RECORDED DATA:
☆ ☆ ☆ ☆ ☆ ☆ ☆

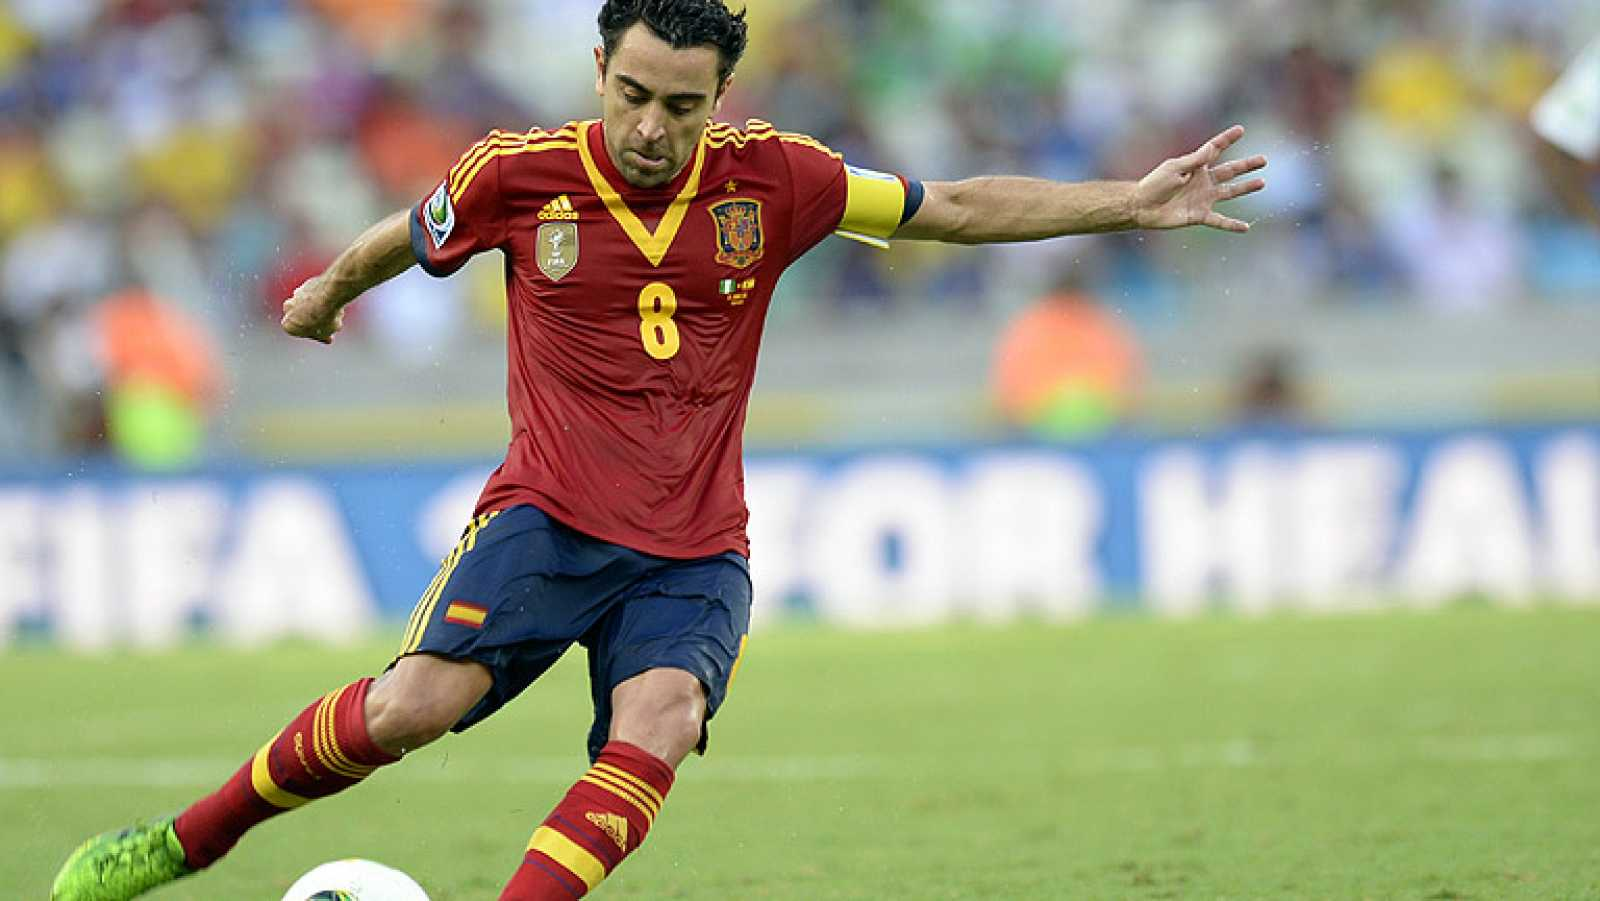 Xavi Hernández, uno de los jugadores más importantes de la historia de la selección, ha anunciado su adiós a su carrera como internacional.
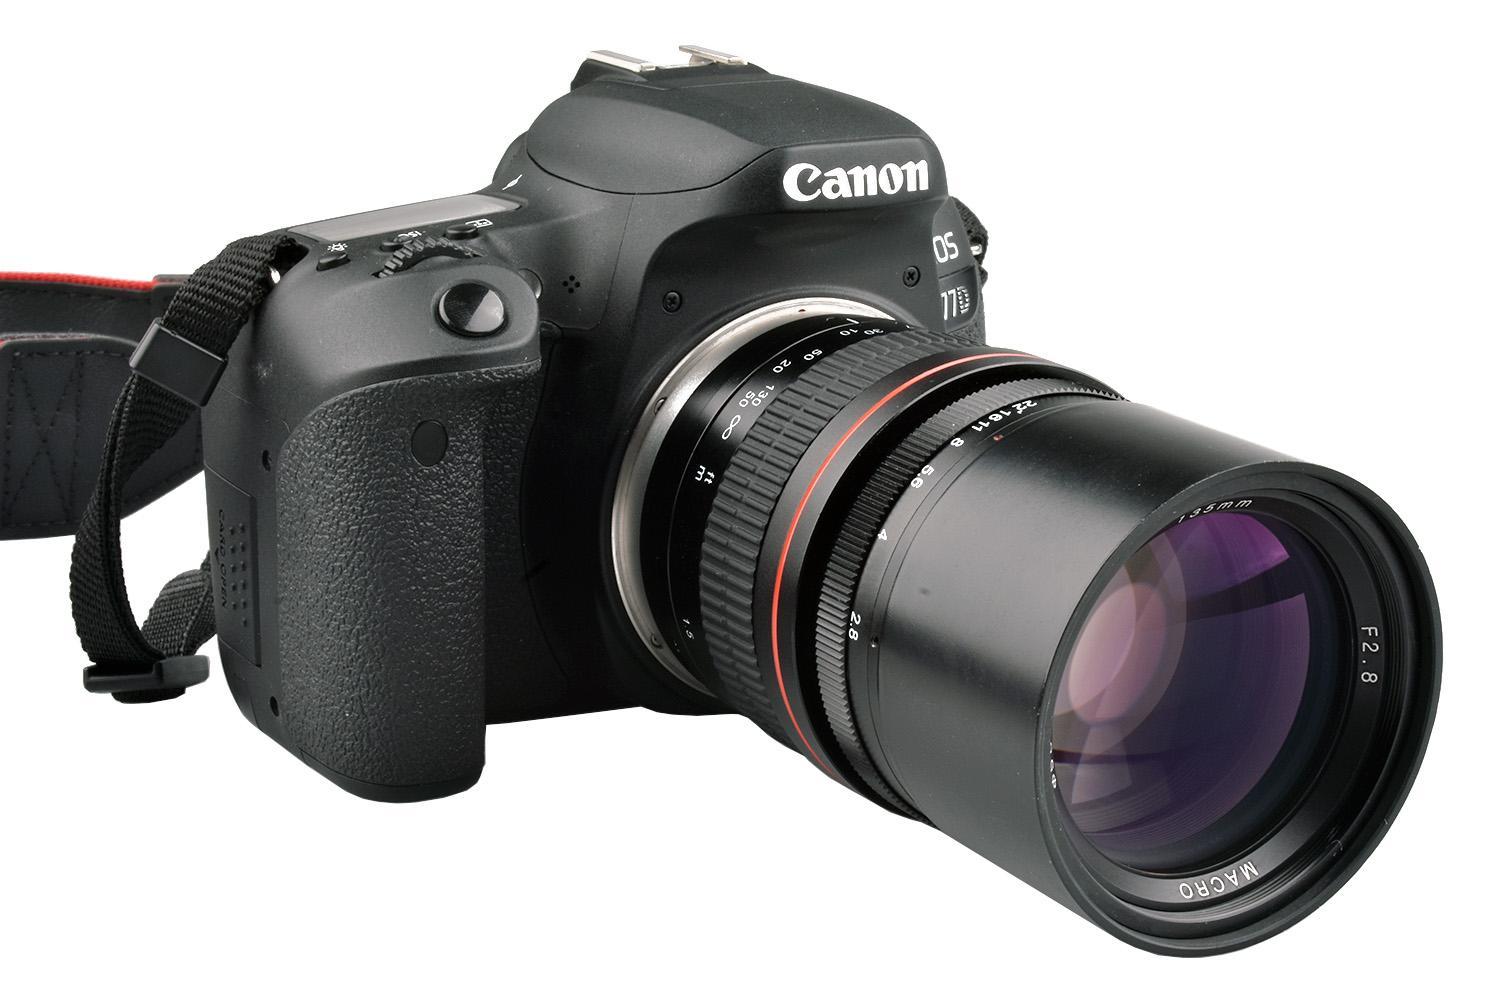 135mm F2 8 Telephoto Prime Lens for Canon EOS 1300D 6D 77D 760D 800D 60D  70D 80D Nikon D810 D850 DSLR Camera Lens
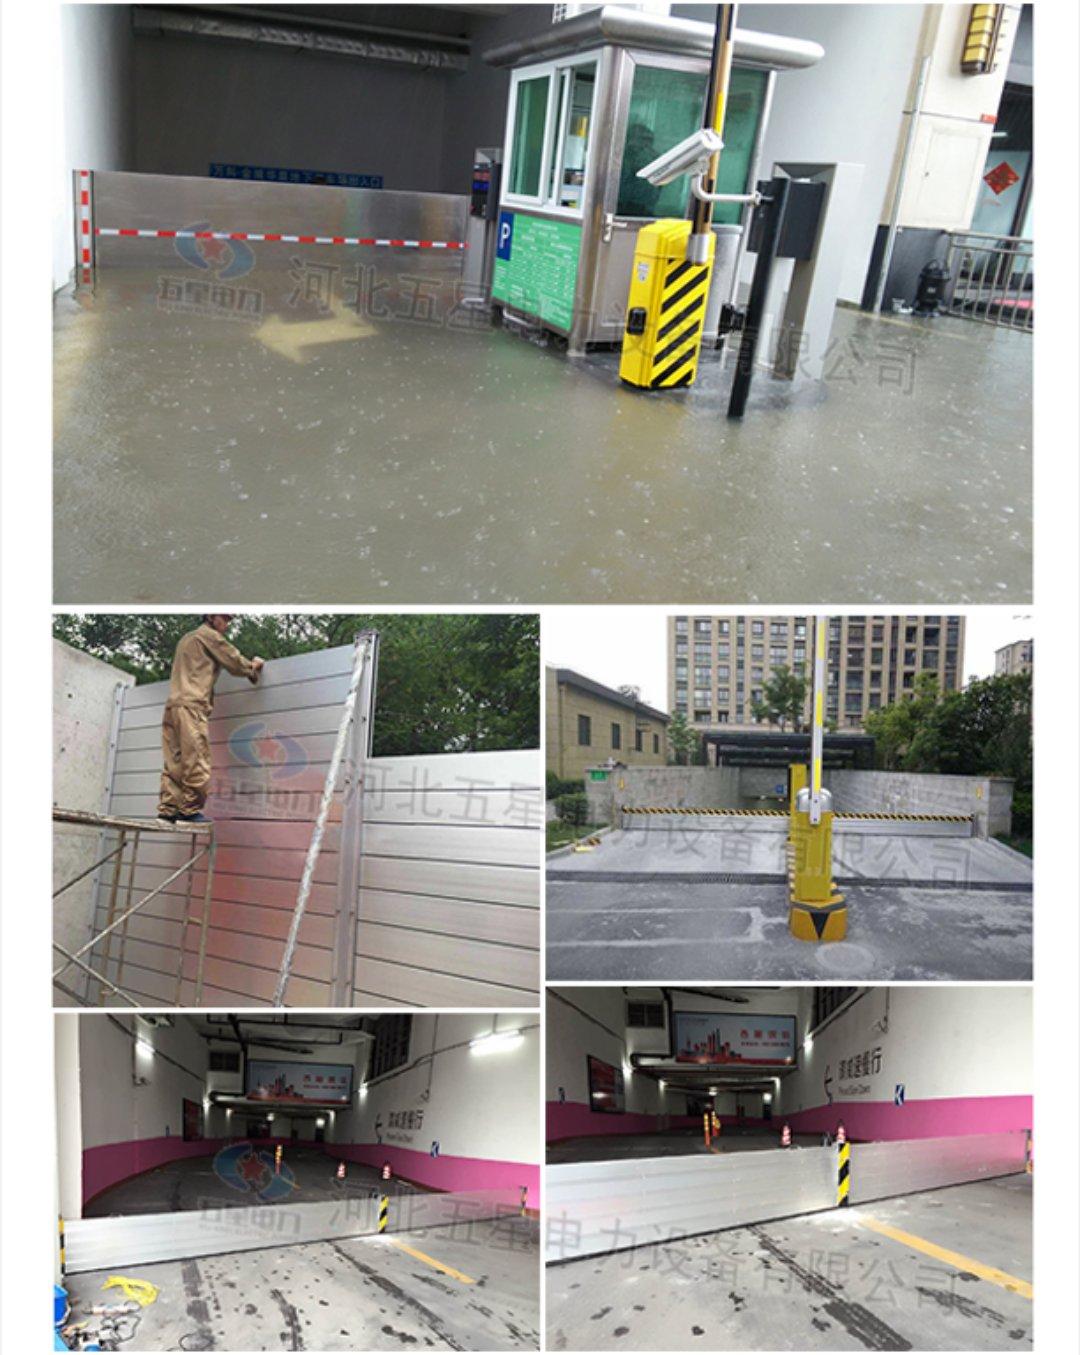 双流机场地库挡水板 S铝合金防洪防淹挡水板

☆ ☆ ☆ ☆ ☆ ☆ ☆

PROBLEM TO WORK ON: Repeat the listing word for word. Leave images out.

WRITTEN SOLUTION:
 Xavi Hernández, uno de los jugadores más importantes de la historia de la selección, ha anunciado su adiós a su carrera como internacional.
 135mm F2 8 Telephoto Prime Lens for Canon EOS 1300D 6D 77D 760D 800D 60D  70D 80D Nikon D810 D850 DSLR Camera Lens
 双流机场地库挡水板 S铝合金防洪防淹挡水板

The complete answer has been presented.